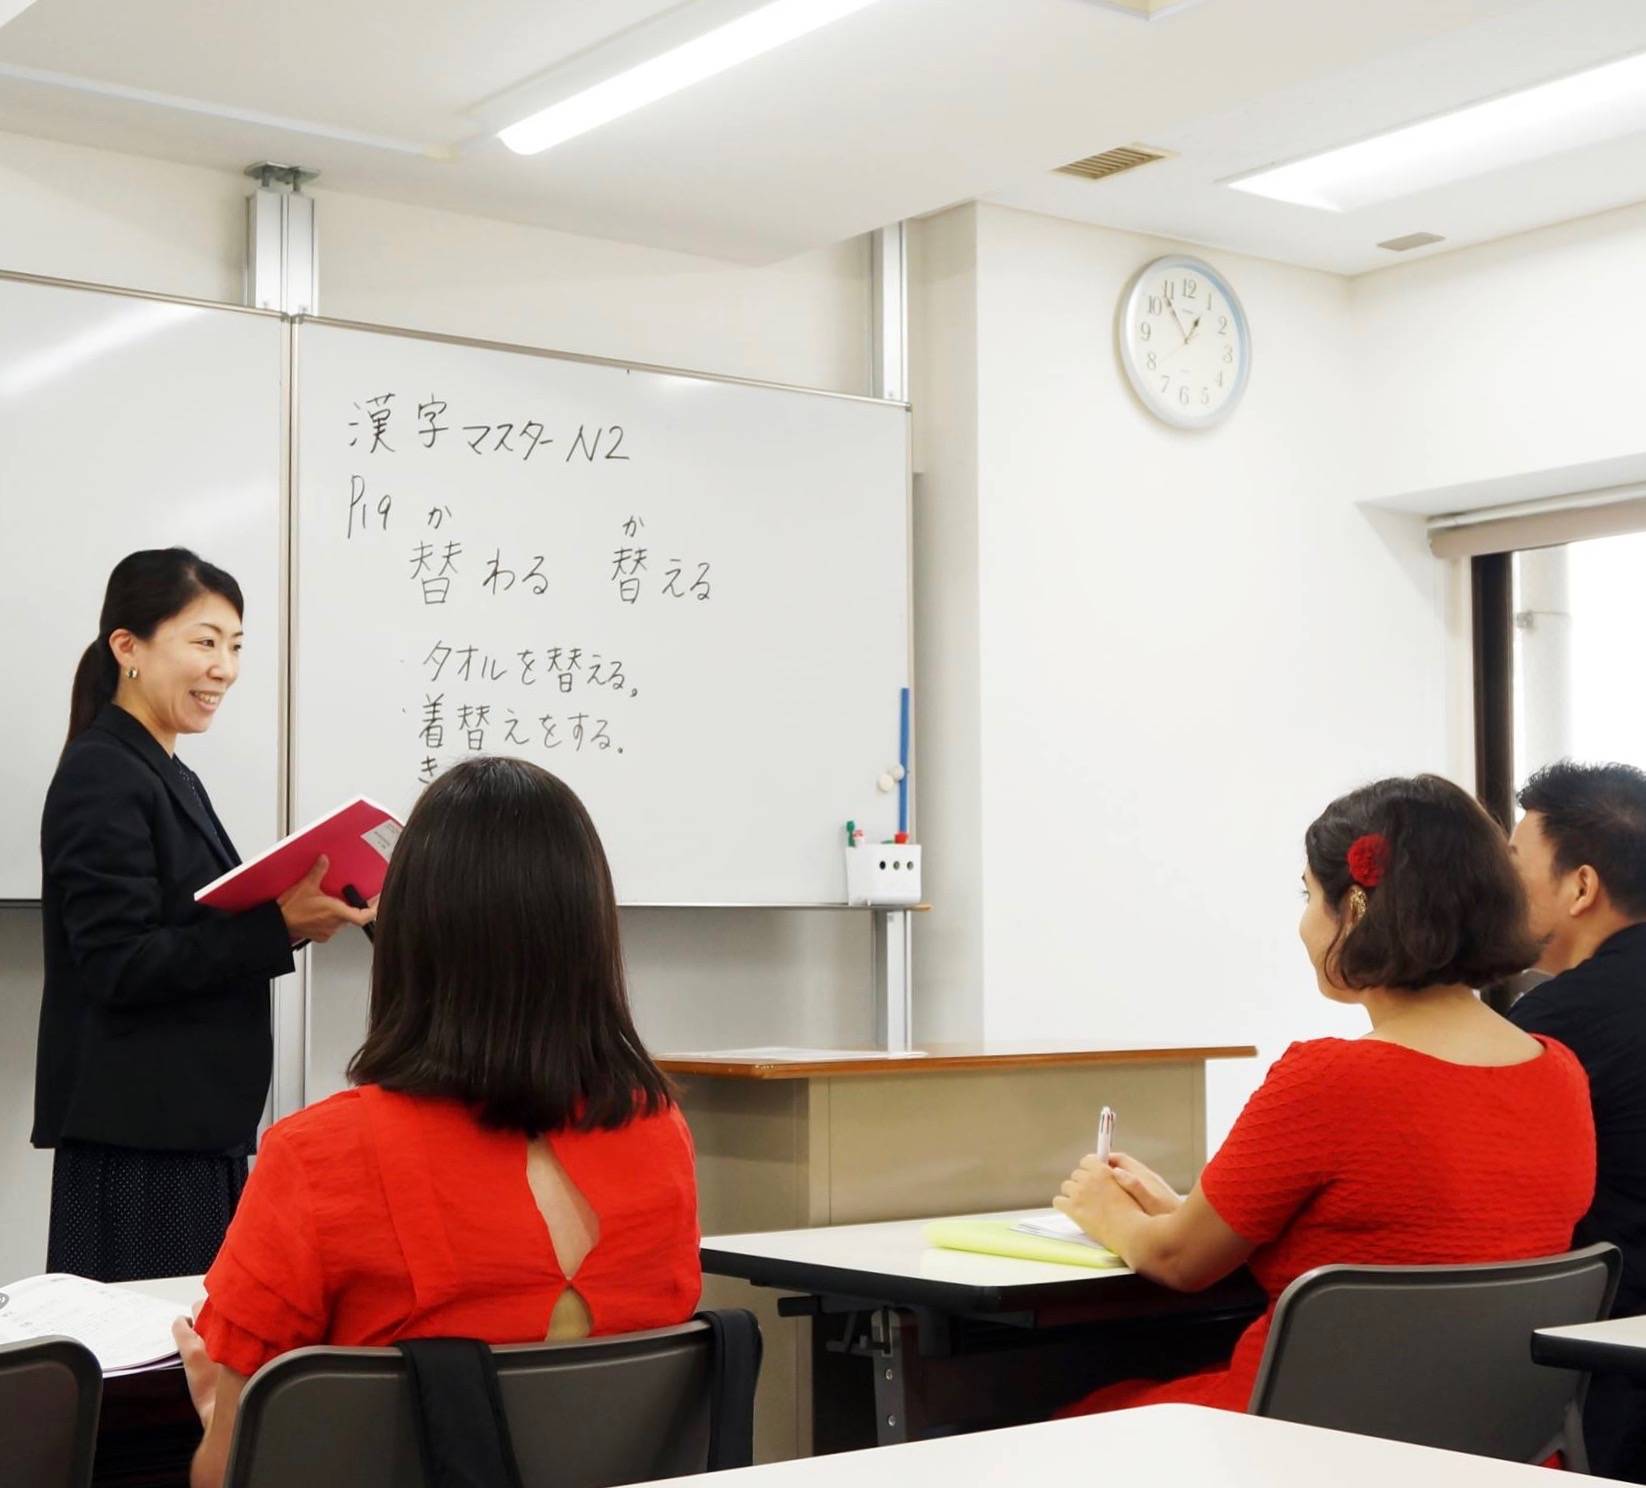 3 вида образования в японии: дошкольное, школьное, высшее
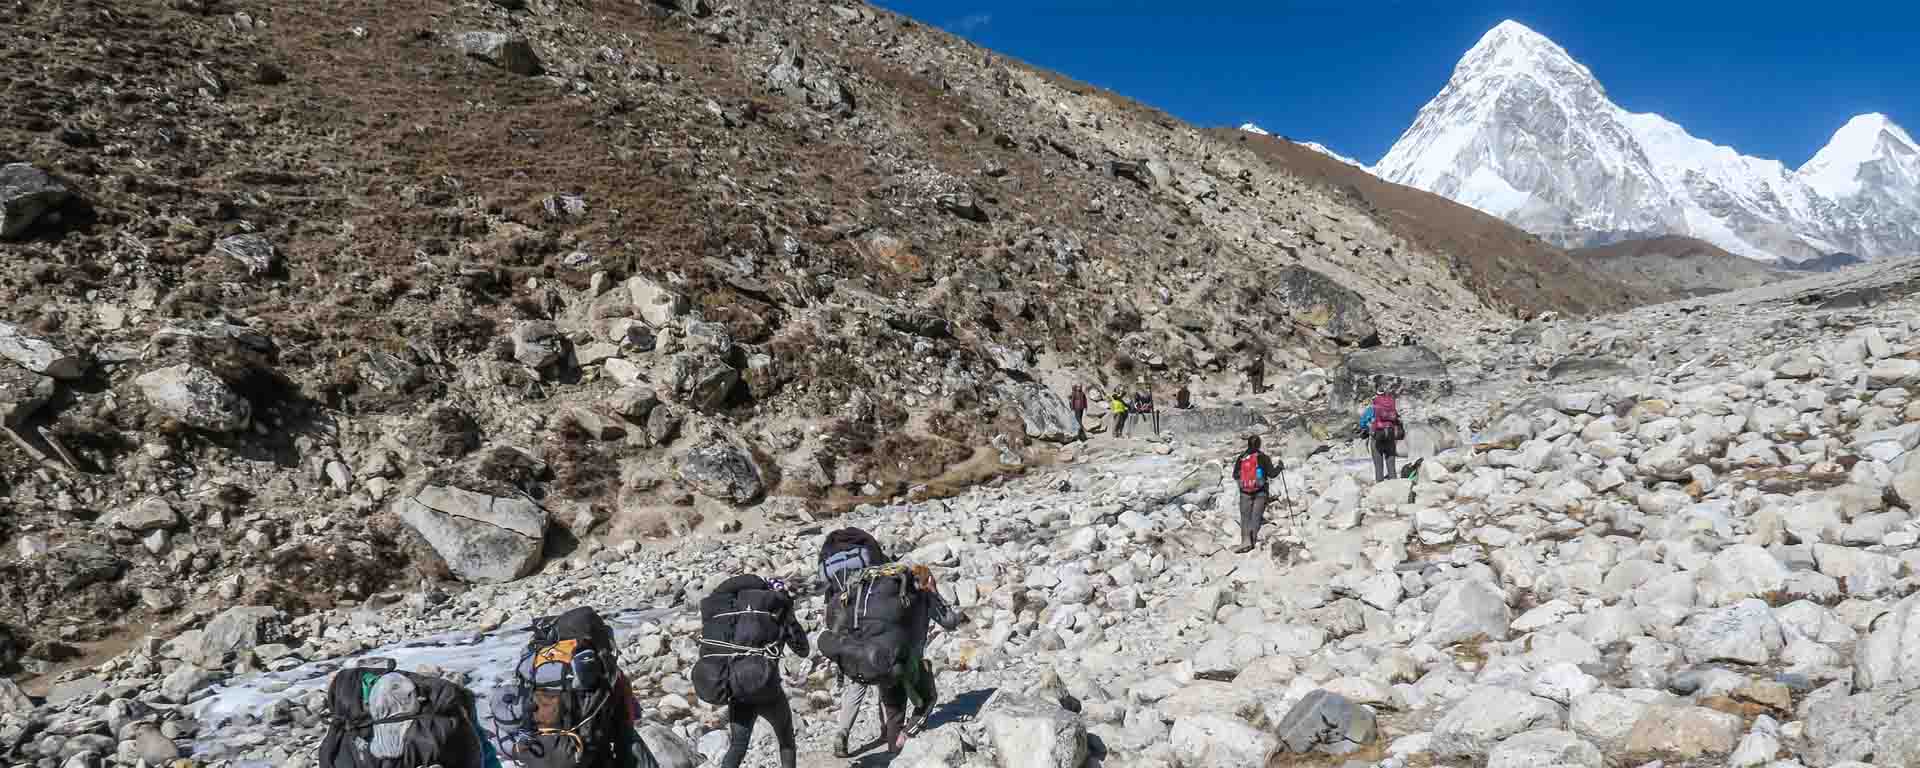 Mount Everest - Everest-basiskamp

# # # # #

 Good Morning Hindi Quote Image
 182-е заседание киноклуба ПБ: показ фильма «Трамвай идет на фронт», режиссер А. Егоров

# # # # #

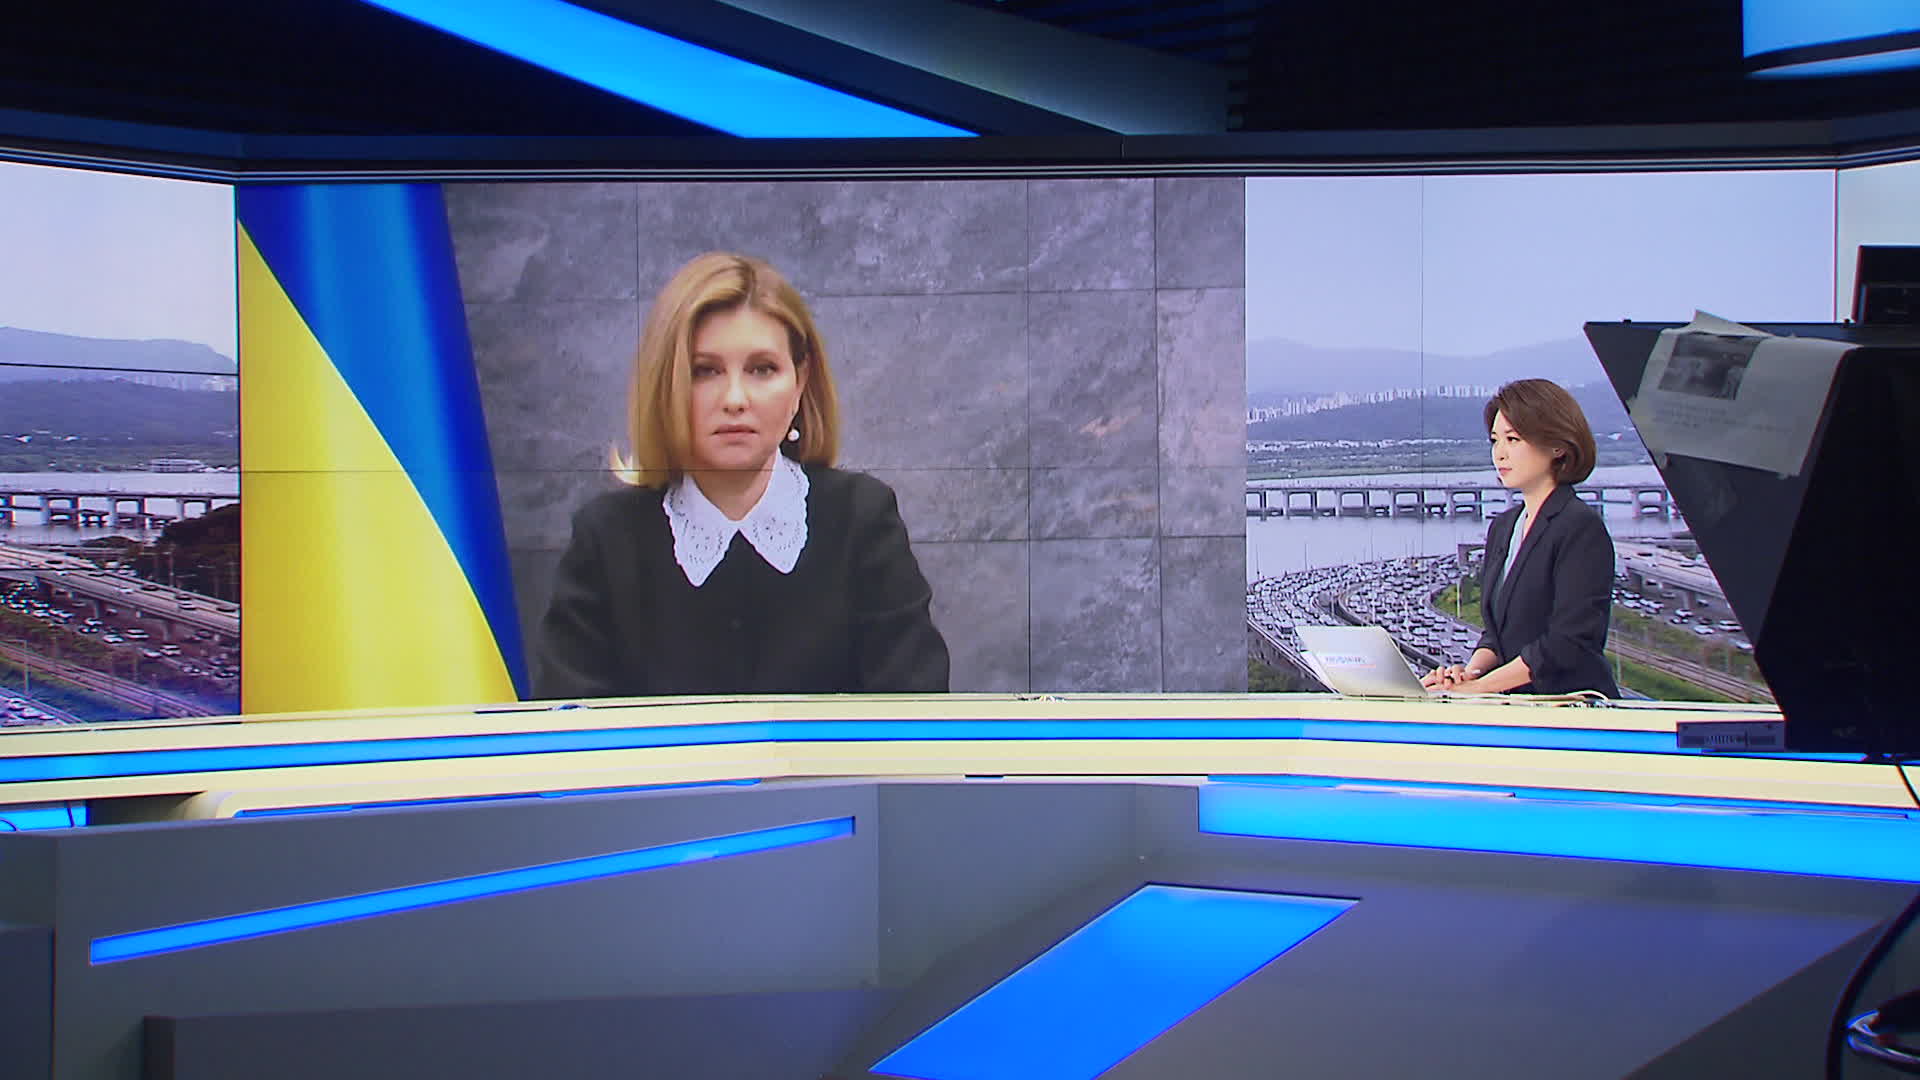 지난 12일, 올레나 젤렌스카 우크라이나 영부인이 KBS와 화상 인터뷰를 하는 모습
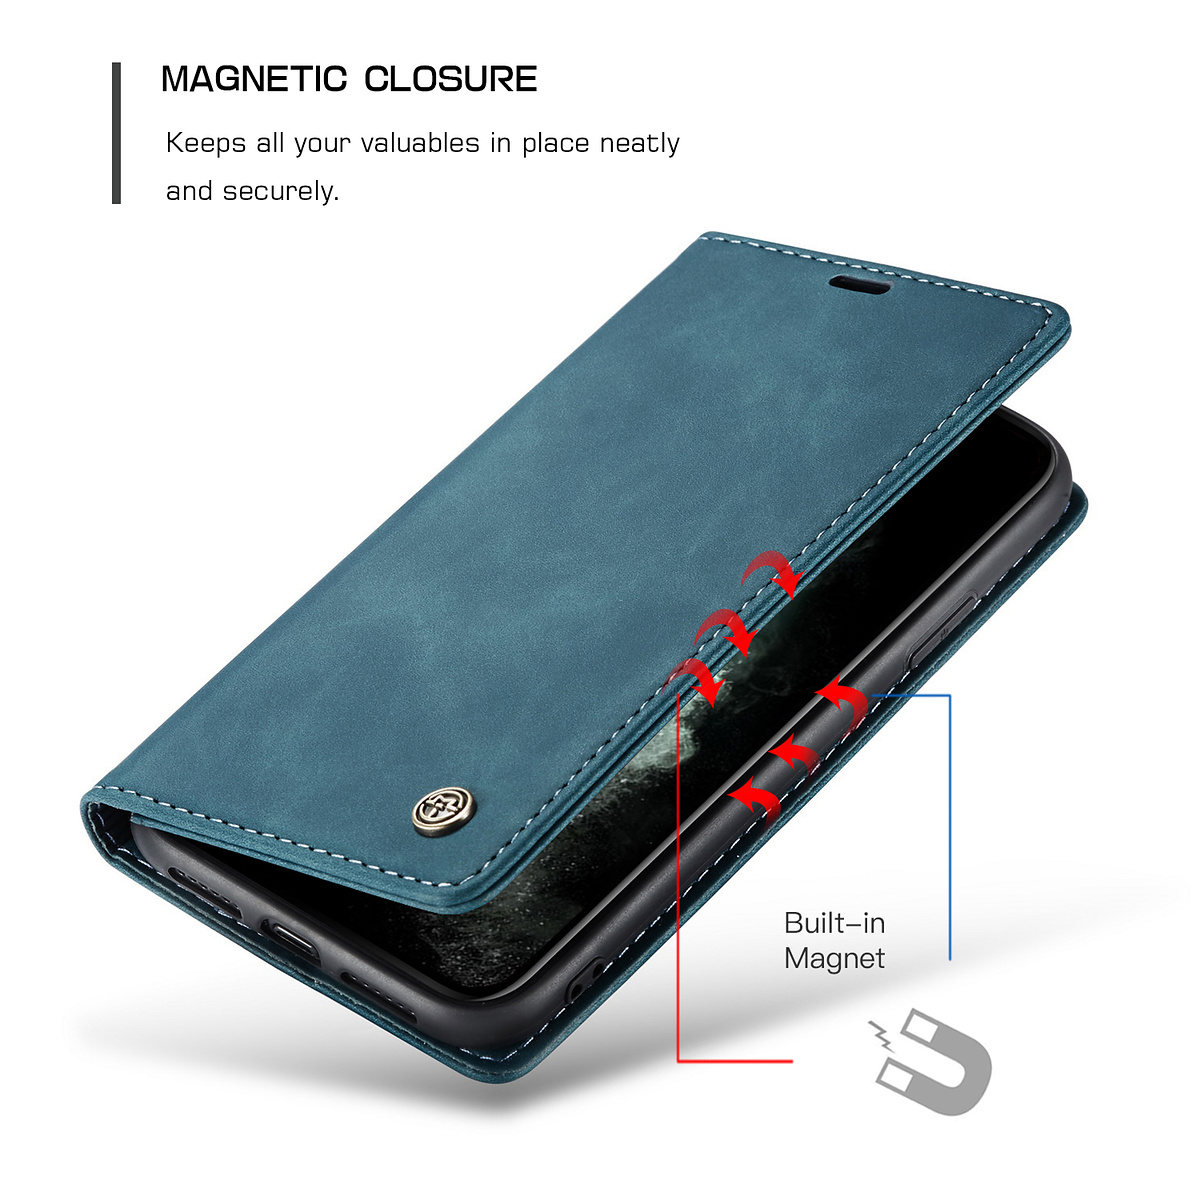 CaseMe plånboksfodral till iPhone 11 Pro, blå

# # # # #

WHAT THE TASK REQUIRES » Using the data above, reproduce exactly the lines between those holding "Good Morning Hindi Quote Image" and "182-е заседание киноклуба", inclusive, and no others.

ANSWER TO THIS EXERCISE »
 Good Morning Hindi Quote Image
 182-е заседание киноклуба ПБ: показ фильма «Трамвай идет на фронт», режиссер А. Егоров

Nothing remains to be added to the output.